Like Android in a car: Touchpad by Mercedes-Benz supports writing, gesturing, and haptic feedback

Touch controls in cars can feel primitive compared to those in contemporary smartphones and tablets, but Mercedes-Benz could be onto something with the touchpad in the 2015 S65 AMG. You can write, gesture, swipe, and zoom with it, just like on a touchscreen phone or tablet. It also offers haptic feedback. An Android user driving this car should be familiar with all of these features (iPads and iPhones lack haptic feedback). But even if you don't use Android, the natural feel of these input methods could make this touchpad less distracting than other touch controls we've seen in cars.

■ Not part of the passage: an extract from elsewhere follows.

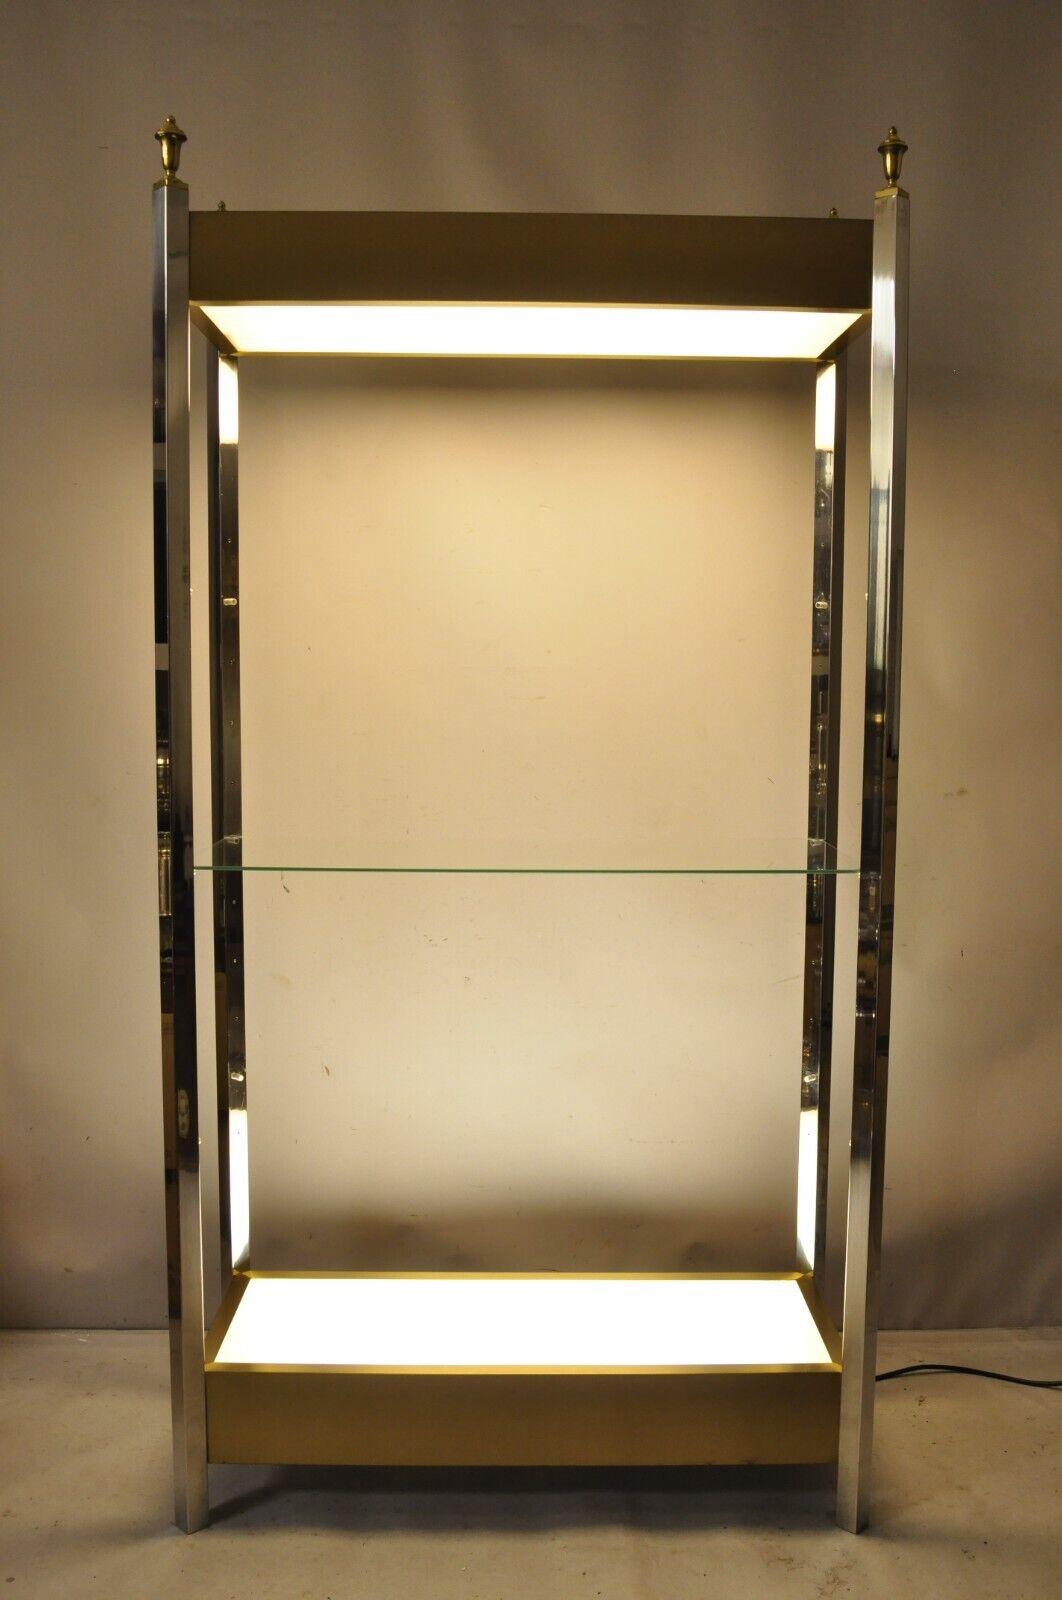 Vintage Illuminated Chrome and Brass Light Up Display Shelf Curio Etagere. Der Artikel verfügt über einen polierten verchromten Metallrahmen, Akzente aus gebürstetem Messing und Messing-Finials, Beleuchtung oben und unten (Schalter für die
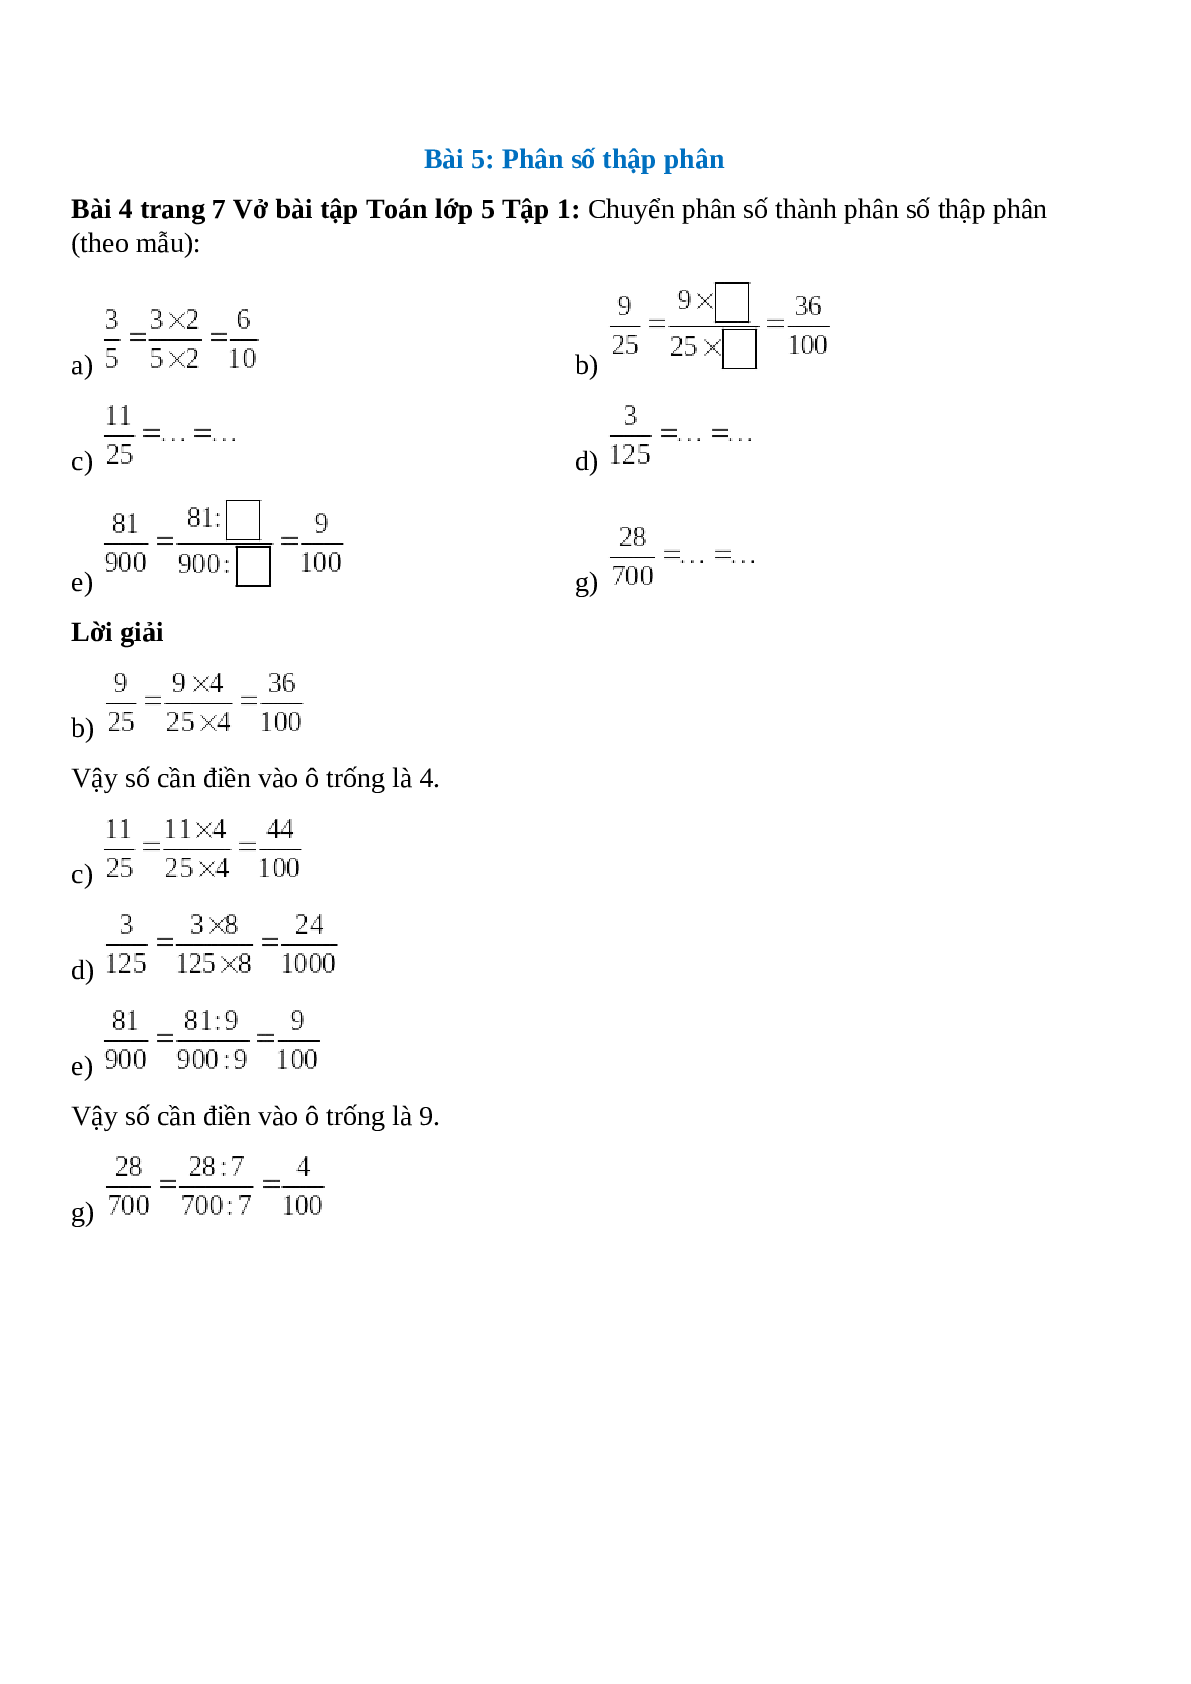 Chuyển phân số thành phân số thập phân (theo mẫu) Bài 4 trang 7 Vở bài tập Toán lớp 5 (trang 1)

The S65’s touchpad measures 2.6 inches high by 1.8 inches wide, and it’s located in the center console, in front of the armrest. The touchpad links to a large screen mounted on the dash. It lets you draw with your finger to write words for navigation, like “Main Street,” as you drive, all without having to look down. You can also write numbers and symbols. Unlike the touchpad in several Audi models, it supports gestures like two-finger pinch.

The touchpad will be available in the 2015 S65 AMG and is also available in the 2014 S-Class.

In a one-up on iOS devices, Mercedes says the touchpad will use haptic technology—that soft, buzzing sensation you feel in your fingertips to confirm taps and gestures. The sensor knows if you just graze the touchpad or rest your hand there, and when you are issuing commands. Near the touchpad, the buttons for the back function, the favorites menu, and an audio quick menu also provide haptic feedback. We’ve seen haptic feedback in other cars’ touch interfaces, such as the Cadillac CUE, but not in an input device like this touchpad.

Of course, this little touchpad is not quite as luscious as the huge, mega-tablet display on the Tesla Model S. But where that interface is mesmerizing for its sheer size, the Mercedes-Benz’s touchpad control is designed to be unobtrusive and could help S65 drivers keep their eyes on the road rather than the screen.